DH hates French kissing so it's rare. When he's feeling particularly amorous I'll get treated to deep intense passionate French kisses  I always look forward to those times
_Posted via Mobile Device_


----------



## _Josephine_ (Sep 7, 2013)

ScarletBegonias said:


> DH hates French kissing so it's rare. When he's feeling particularly amorous I'll get treated to deep intense passionate French kisses  I always look forward to those times
> _Posted via Mobile Device_


I can imagine, that you look forward to those times.. so it is for me. Though, I have to admit, when my husband surprisingly feels like french kissing me, I reach shocked and get all shy! It's a rare thing nowadays...


----------



## SimplyAmorous (Nov 25, 2009)

Anytime I get frisky and jump on him...we are frenching....another one here.. our mouths are locked when making love.. unless he's slipping further under the sheets...or I...we've Frenched kissed since our teens. 


I found this on the net :



> French kiss, tongue kiss, pash, snog or deep kiss is a romantic or sexual kiss in which one participant's tongue touches the other's tongue (or lips) and usually enters his/her mouth.
> 
> Although family members may sometimes kiss on the lips, a kiss using the tongue almost always indicates a romantic relationship. French kissing stimulates the lips, tongue and mouth, which are all areas very sensitive to touch. It is considered by many to be both very pleasurable and highly intimate. Unlike other forms of "casual" kissing (such as brief kisses of greeting or friendship), episodes of French kissing will often be prolonged, intense, and passionate. Because of the intimacy associated with it, in many regions of the world tongue kissing in public is not acceptable to most, particularly for an extended time.
> 
> ...


----------



## tacoma (May 1, 2011)

_Josephine_ said:


> Guys, how often do you and your wife French kiss/ how often do you French kiss her?
> _Posted via Mobile Device_


Daily.

It's also a sure fire way to get our daughter to leave the room in disgust.

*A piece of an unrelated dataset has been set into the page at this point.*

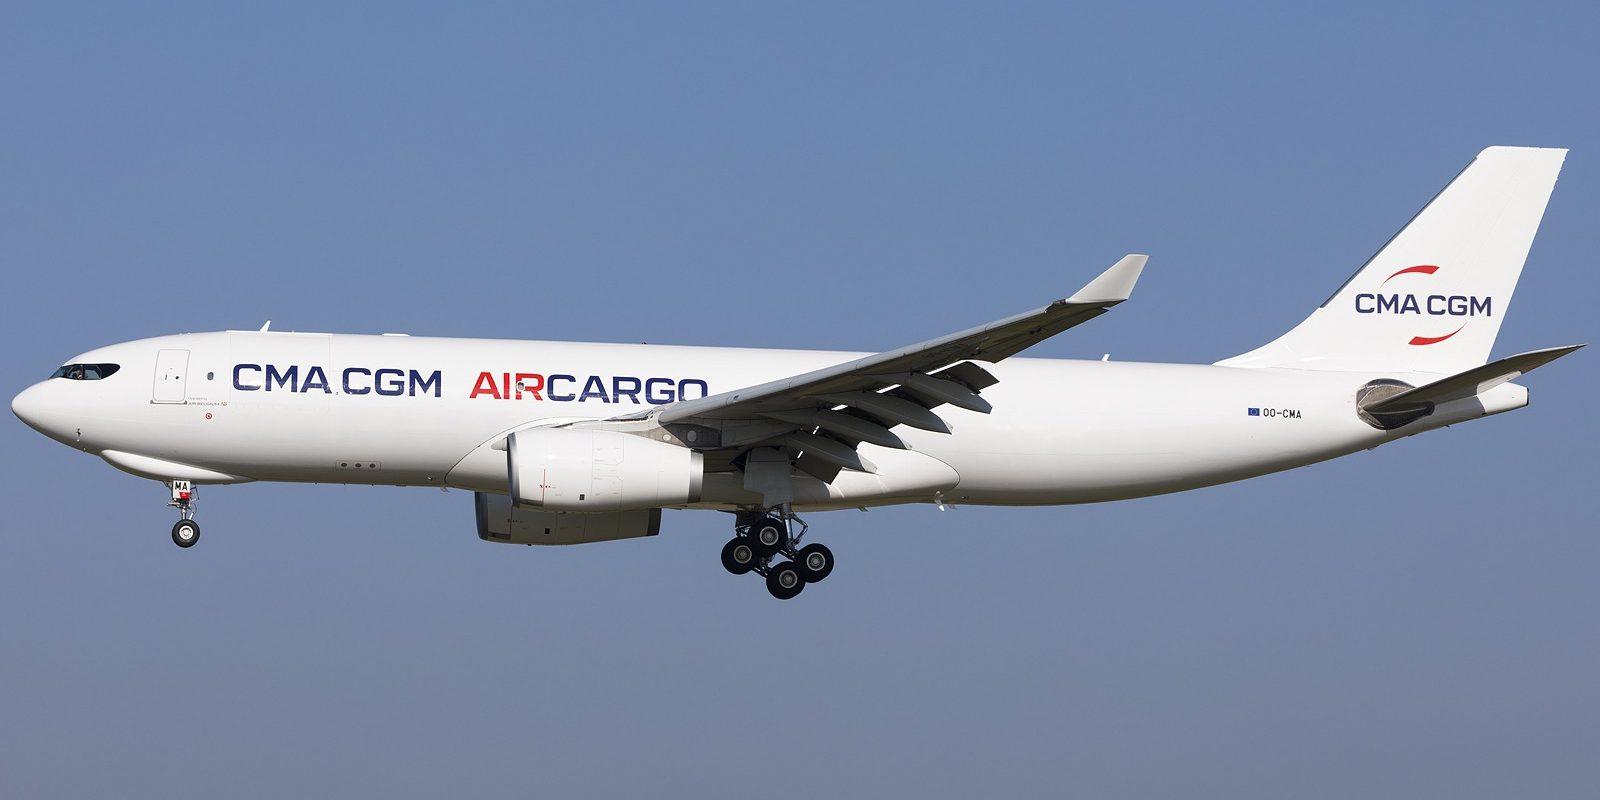 Arrivée de Dublin à Bruxelles le 2 mars du OO-CMA, premier Airbus A330-243F de CMA CGM Air Cargo, avec à droite de la porte avant, la mention « operated by Air Belgium ». (Photo Giovanni Verbeeck)

Works whenever we want some alone time.

Our dining room is sunken about 6 inches lower than the living room.

When my wife gets home she stands in the edge of the dining room drops her purse and will just stay there until I acknowledge her and give her a kiss.

She does this because she's 5'0" and says she likes the change in perspective.
It makes her 6 inches taller when I'm in the dining room and she's on the threshold of the living room.

I get at least this one homecoming French kiss daily.
Usually more but always this one.


----------



## omgitselaine (Sep 5, 2013)

With our 2 little boys around we dont french kiss nearly as much as we used to  

It's often saved more for behind doors intimacy ........ during foreplay and of course during PIV if we're facing one another


----------



## thummper (Dec 19, 2013)

I absolutely LOVE to French kiss!!! It's such a powerfully romantic act. It's a wonderful buildup to a great sexual experience.


----------



## thummper (Dec 19, 2013)

tacoma said:


> Daily.
> 
> It's also a sure fire way to get our daughter to leave the room in disgust.
> 
> ...


That paints a beautiful picture, Tacoma!


----------



## TurtleRun (Oct 18, 2013)

My husband doesn't like it  Sometimes I get it though


----------



## CuddleBug (Nov 26, 2012)

_Josephine_ said:


> Guys, how often do you and your wife French kiss/ how often do you French kiss her?
> _Posted via Mobile Device_



I love to french kiss. The noises she makes, the sensations of her mouth, tongue and her saliva. I love it all. I do this passionately but never jam my tongue in her mouth. Mrs. CuddleBug on the other hand is more a conservative dry kisser, so I push her boundaries on that from time to time. Like I give her a nice good kiss for 10 seconds.


----------



## Married but Happy (Aug 13, 2013)

Pretty much every day, whether or not it leads to something more - and it almost always leads to something more.


----------



## Holland (Aug 20, 2012)

samyeagar said:


> Our tongues make some sort of contact pretty much every time we kiss, even if it's a quick kiss going out the door. Longer, deeper, more passionate french kisses, several times a day even when we are no where near the bedroom, and if we are in a position to, our mouths are locked when having sex.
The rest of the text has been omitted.